From: Theodore Ts'o <tytso@mit.edu>
To: stable@vger.kernel.org
Cc: Ext4 Developers List <linux-ext4@vger.kernel.org>,
Theodore Ts'o <tytso@mit.edu>, Dave Chinner <david@fromorbit.com>
Subject: [PATCH v2.6.34.y 21/28] ext4: Use our own write_cache_pages()
Date: Tue, 1 Jun 2010 12:13:08 -0400 [thread overview]
Message-ID: <1275408795-17487-21-git-send-email-tytso@mit.edu> (raw)
In-Reply-To: <1275408795-17487-1-git-send-email-tytso@mit.edu>
Make a copy of write_cache_pages() for the benefit of
ext4_da_writepages(). This allows us to simplify the code some, and
will allow us to further customize the code in future patches.
There are some nasty hacks in write_cache_pages(), which Linus has
(correctly) characterized as vile. I've just copied it into
write_cache_pages_da(), without trying to clean those bits up lest I
break something in the ext4's delalloc implementation, which is a bit
fragile right now. This will allow Dave Chinner to clean up
write_cache_pages() in mm/page-writeback.c, without worrying about
breaking ext4. Eventually write_cache_pages_da() will go away when I
rewrite ext4's delayed allocation and create a general
ext4_writepages() which is used for all of ext4's writeback. Until
now this is the lowest risk way to clean up the core
write_cache_pages() function.
Signed-off-by: "Theodore Ts'o" <tytso@mit.edu>
Cc: Dave Chinner <david@fromorbit.com>
---
fs/ext4/inode.c | 141 ++++++++++++++++++++++++++++++++++++++++++++++---------
1 files changed, 119 insertions(+), 22 deletions(-)
diff --git a/fs/ext4/inode.c b/fs/ext4/inode.c
index 6aa0442..830336d 100644
--- a/fs/ext4/inode.c
+++ b/fs/ext4/inode.c
@@ -2426,17 +2426,6 @@ static int __mpage_da_writepage(struct page *page,
struct buffer_head *bh, *head;
sector_t logical;
- if (mpd->io_done) {
- /*
- * Rest of the page in the page_vec
- * redirty then and skip then.
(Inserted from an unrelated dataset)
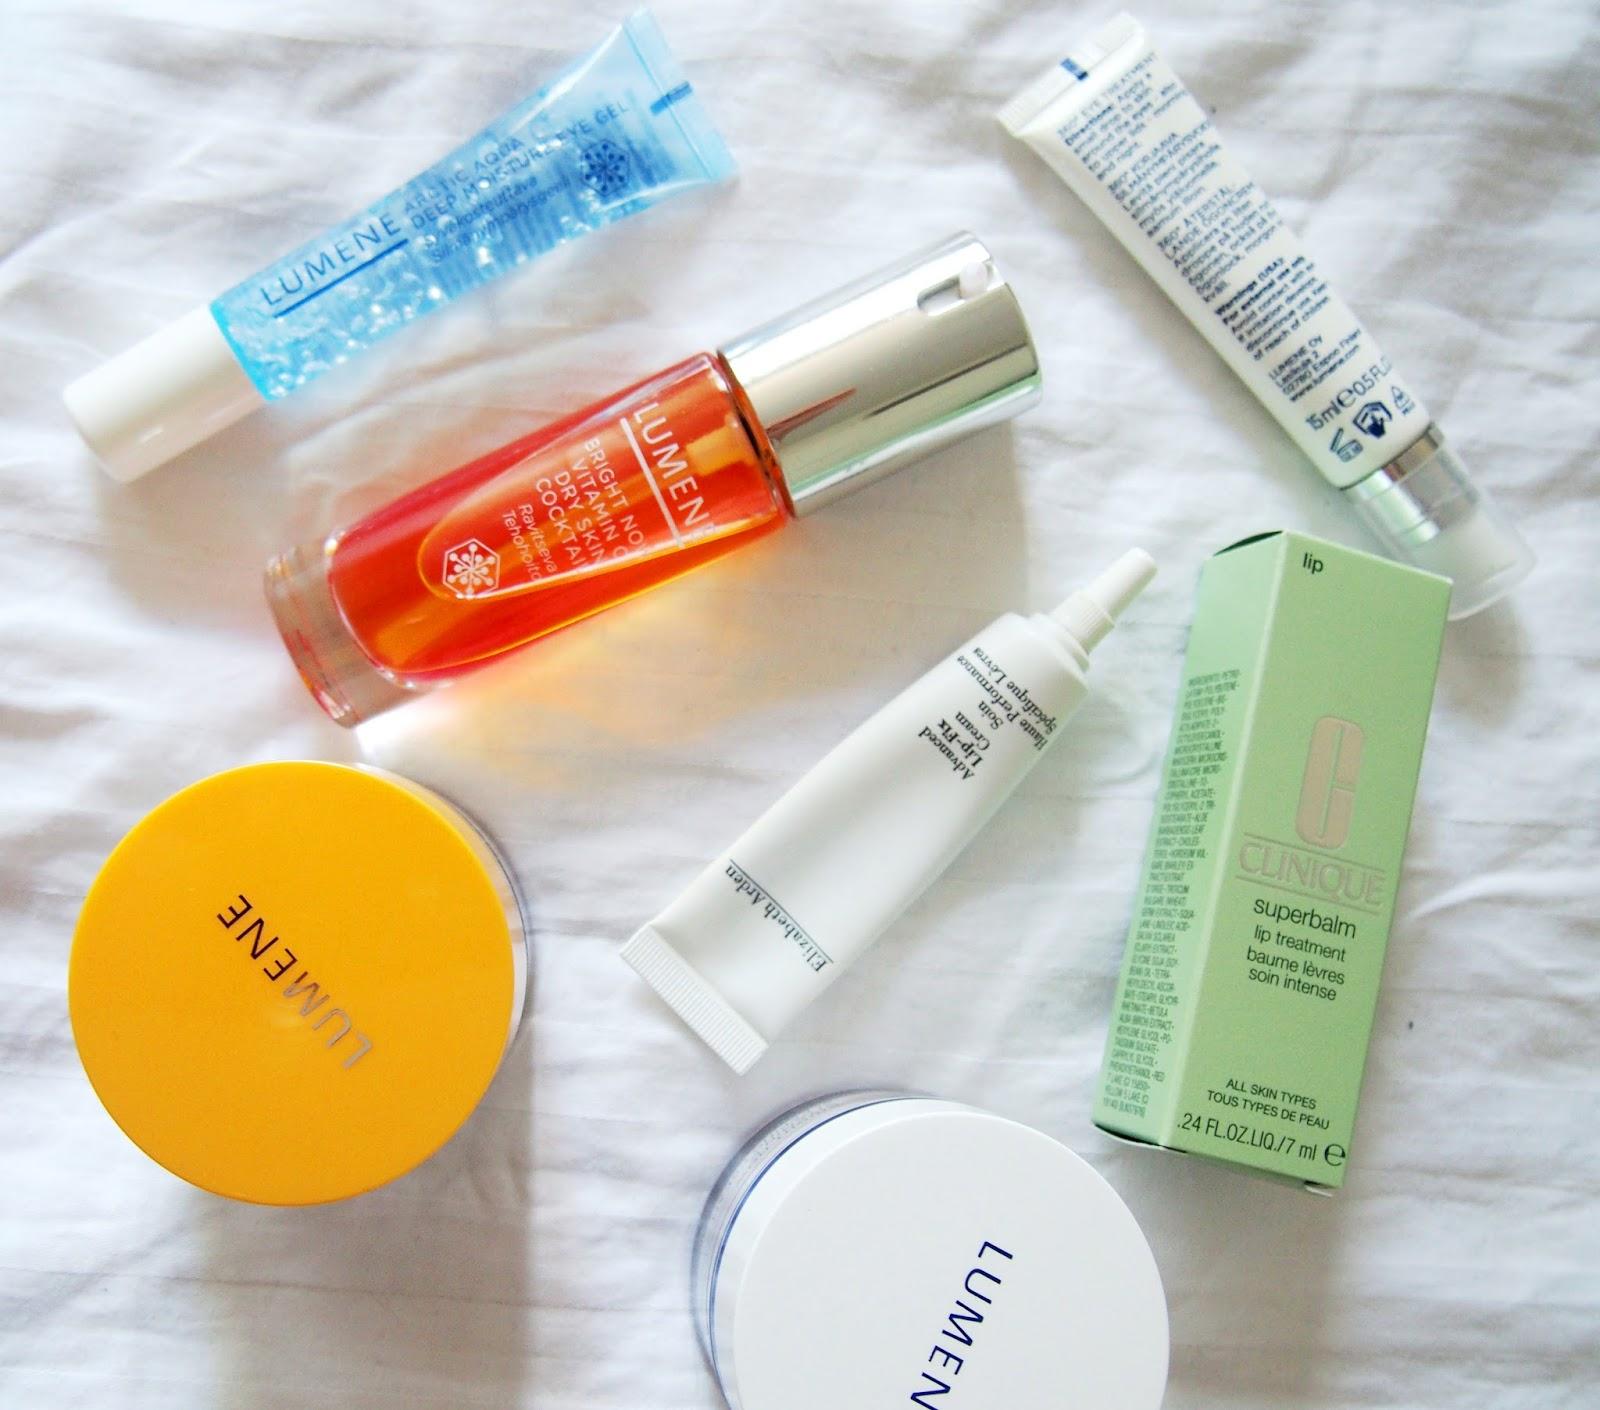 lumene elisabeth arden clinigue meikki make up beauty kauneus skin care ihon hoito iho kasvot face ansiktet take care hoitaa huoltaa pesu puhdistus puhdistaa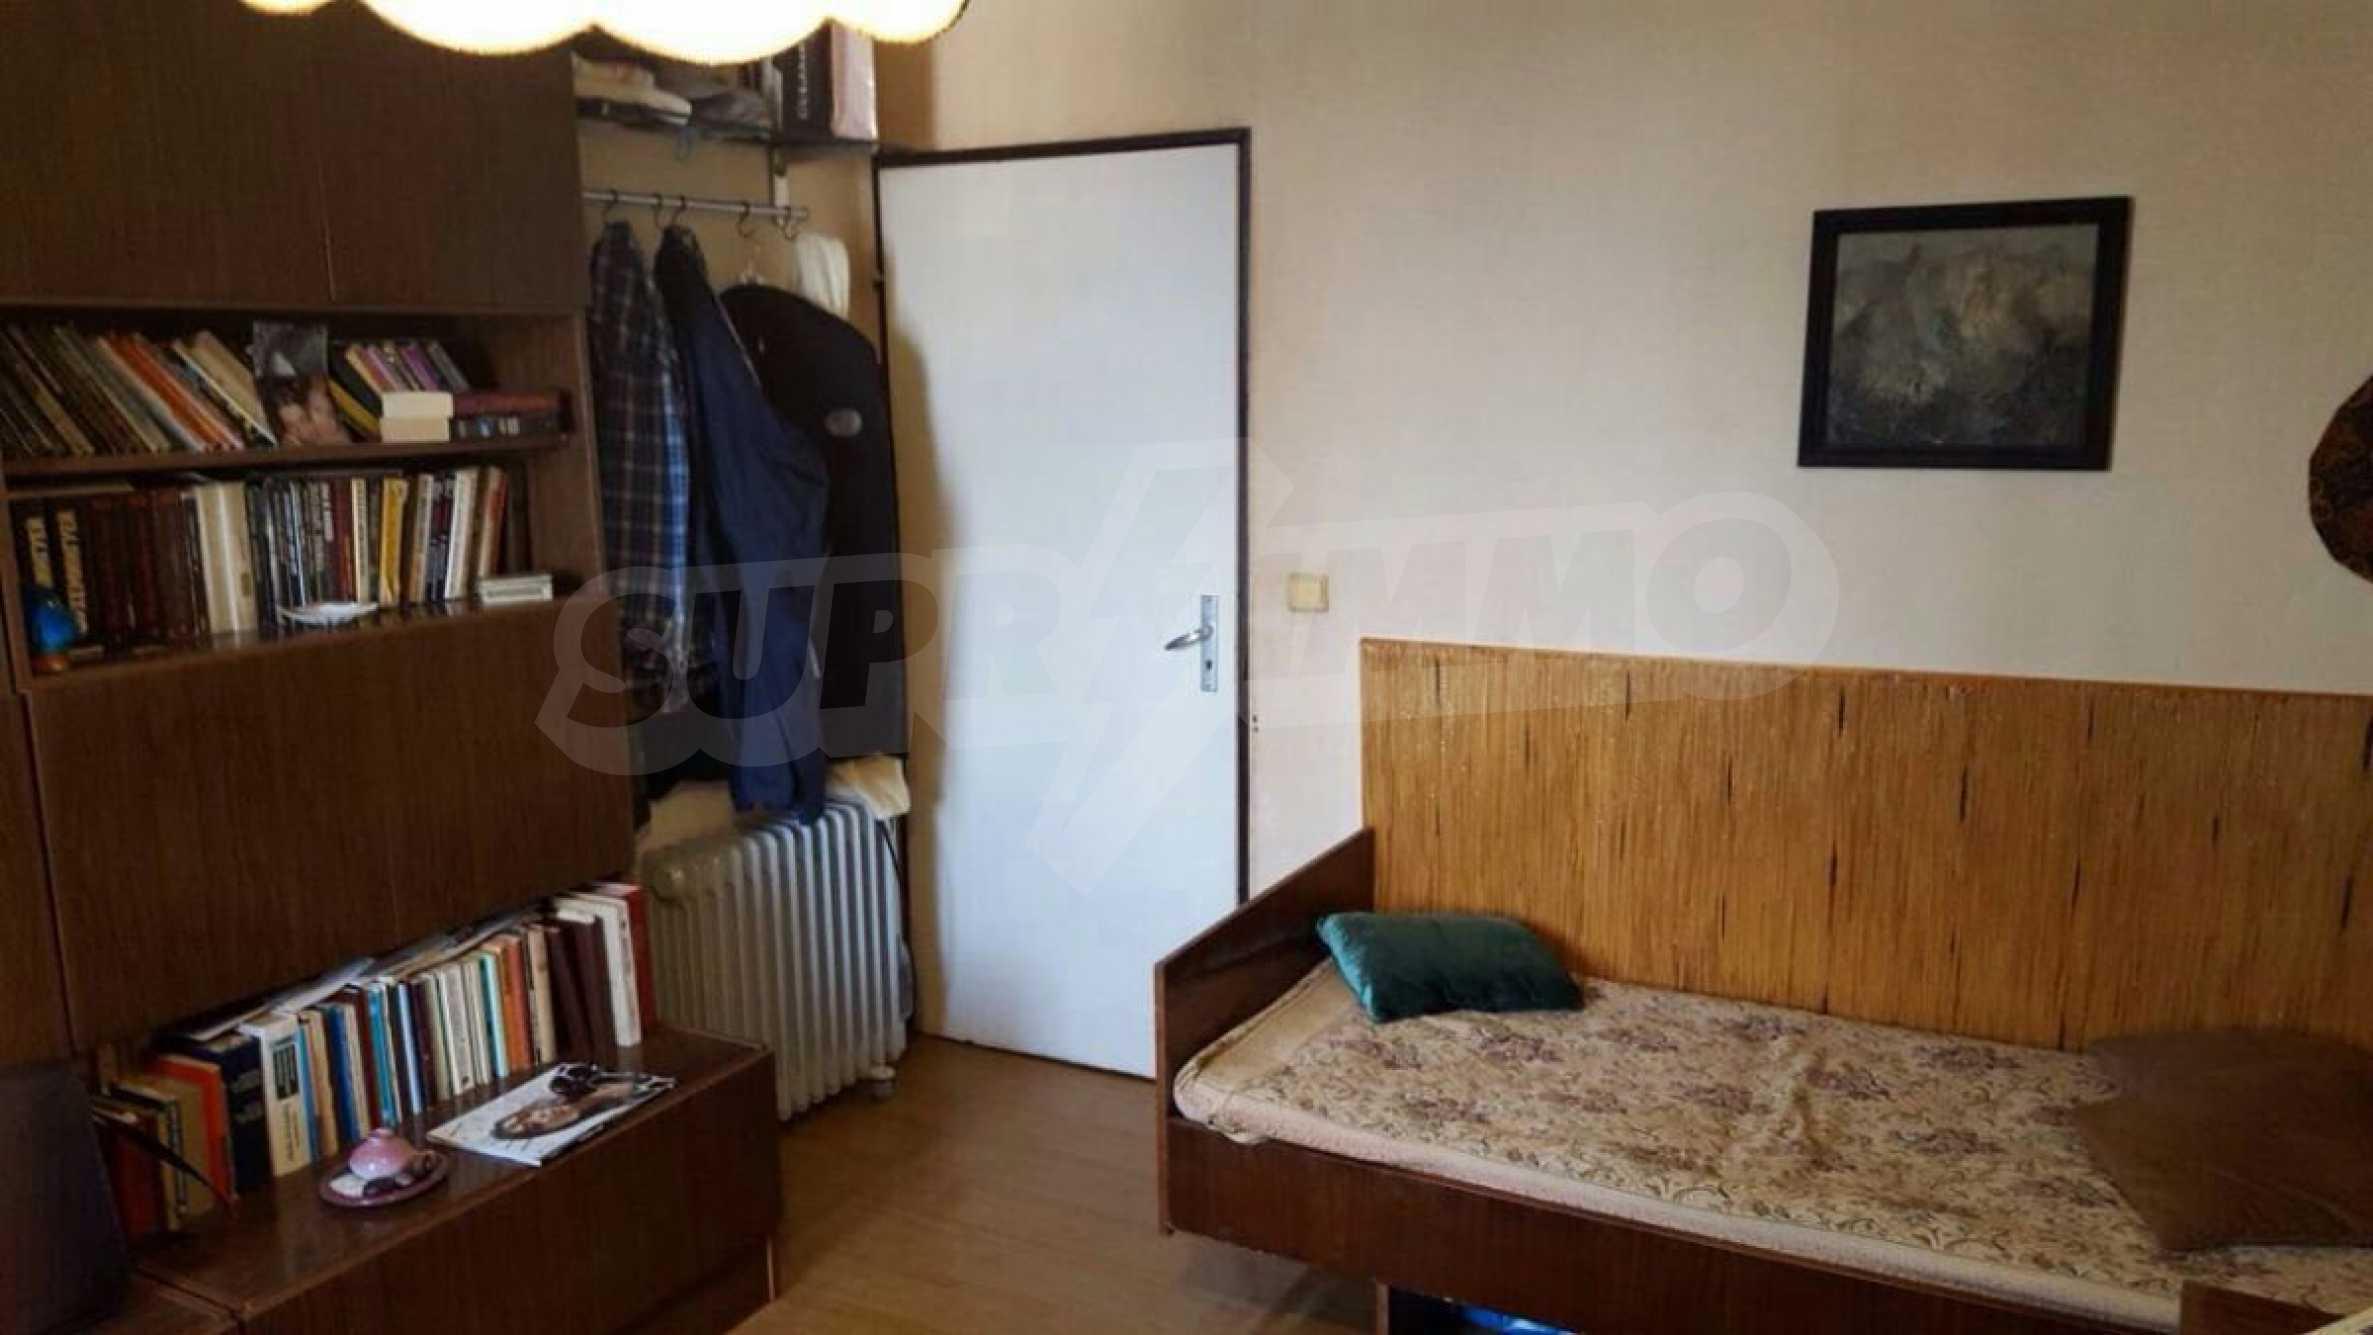 Двустаен апартамент с разширение в близост до центъра на град Видин 7

We will
- * try to write them again after
- * starting a new transaction
- */
- redirty_page_for_writepage(wbc, page);
- unlock_page(page);
- return MPAGE_DA_EXTENT_TAIL;
- }
/*
* Can we merge this page to current extent?
*/
@@ -2831,6 +2820,124 @@ static int ext4_da_writepages_trans_blocks(struct inode *inode)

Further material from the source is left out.